Sudden spikes in data transfer out: These could indicate a breach or data leak.
Attempts to assume roles from unknown locations: These could indicate a breach of credentials.
Large number of failed access attempts: These could indicate reconnaissance by a rogue actor.
The AWS infrastructure exposes a public HTTP API, and all calls either receive a 200-type HTTP response if the action is accepted and will be processed, or a 400-type or 500-type HTTP response, indicating the problem is with the query. All 400-type responses indicate there is an issue with the request. All 500-type responses indicate that there is an issue with the AWS infrastructure. In case of infrastructure issues, always make sure to repeat the request with an exponential back-off approach, meaning that you wait for an increasingly longer period of time before reissuing the request.
Here are some examples of HTTP 400-type and 500-type responses:
400 – bad request: Any 400 error includes a message like InvalidAction, MessageRejected, or RequestExpired. Specific responses by some services also indicate throttling. In case of throttling, you should retry the requests with exponential back-off.
403 – access denied: All IAM polices apply with equal weight, and a deny in one policy denies an action across all policies. Check all the policies attached to the user, group, or role. Check any inline policies and resource policies attached to buckets, queues, and so on.
404 – page not found: This error indicates the object, instance, or resource specified in the query does not exist.

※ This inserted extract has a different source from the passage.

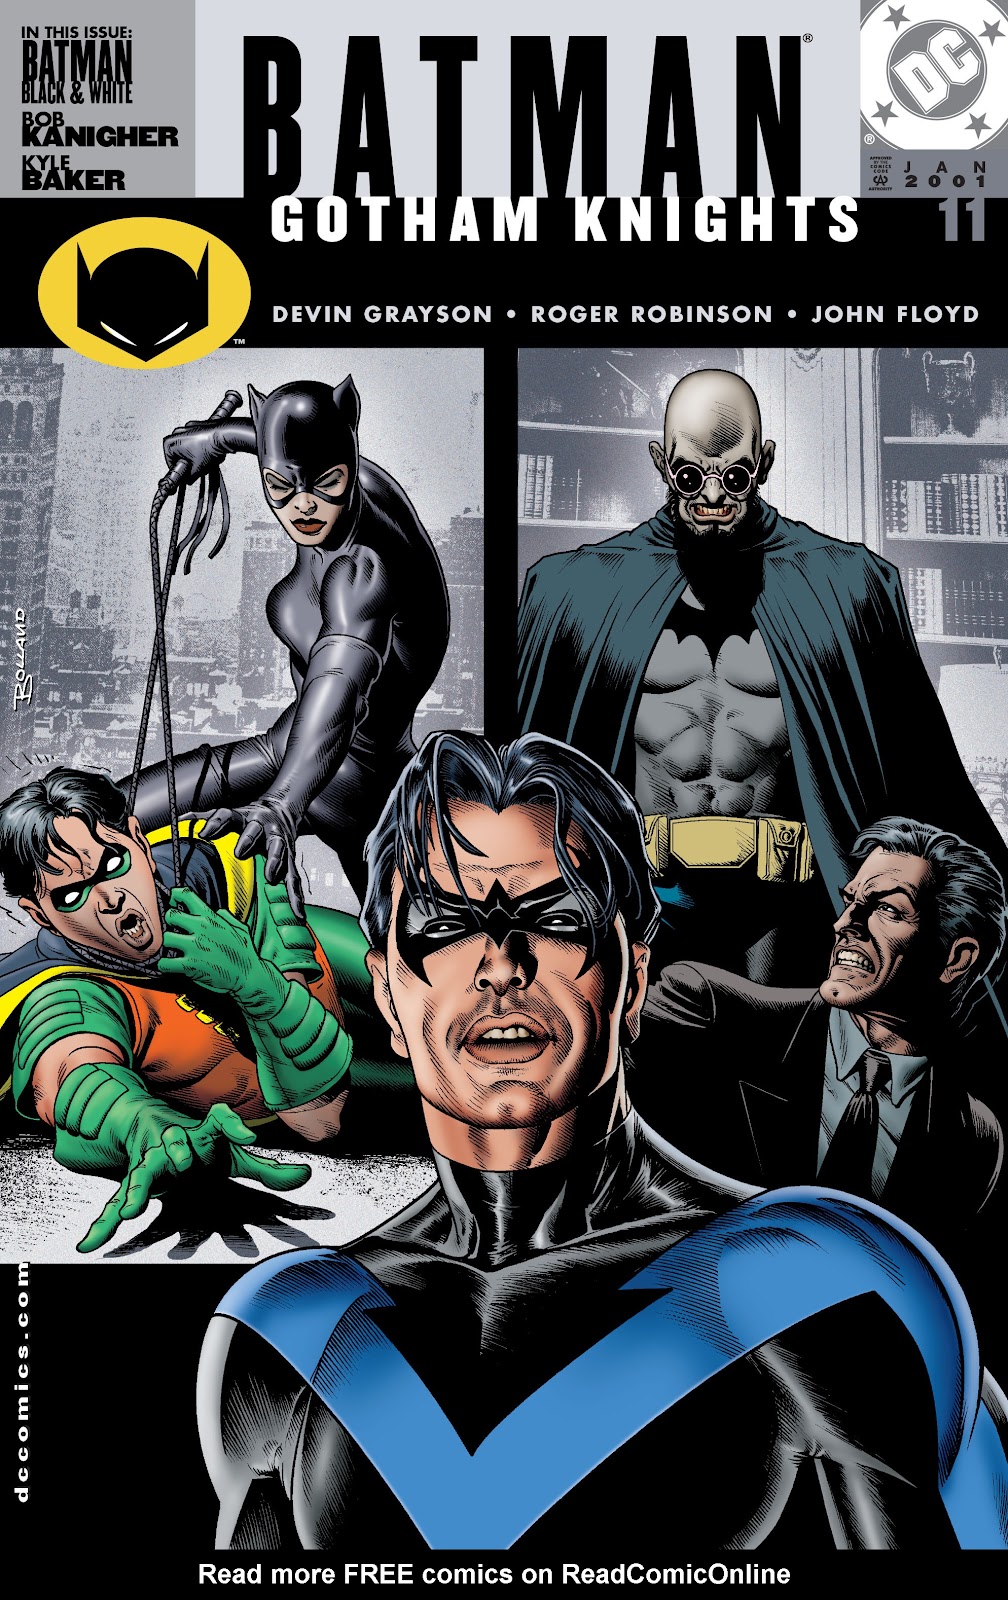 Batman Gotham Knights 011 | Read Batman Gotham Knights 011 comic online in  high quality. Read Full Comic online for free - Read comics online in high  quality .|

500 – internal failure: This error indicates an internal error on an operational service on the AWS side. You can immediately retry the request and will probably succeed on the second try. If not, retry with exponential back-off.
503 – service unavailable: These errors are rare because they indicate a major failure in an AWS service. You can retry your request using exponential back-off. This way you ensure the request will succeed at some point after the issue is resolved.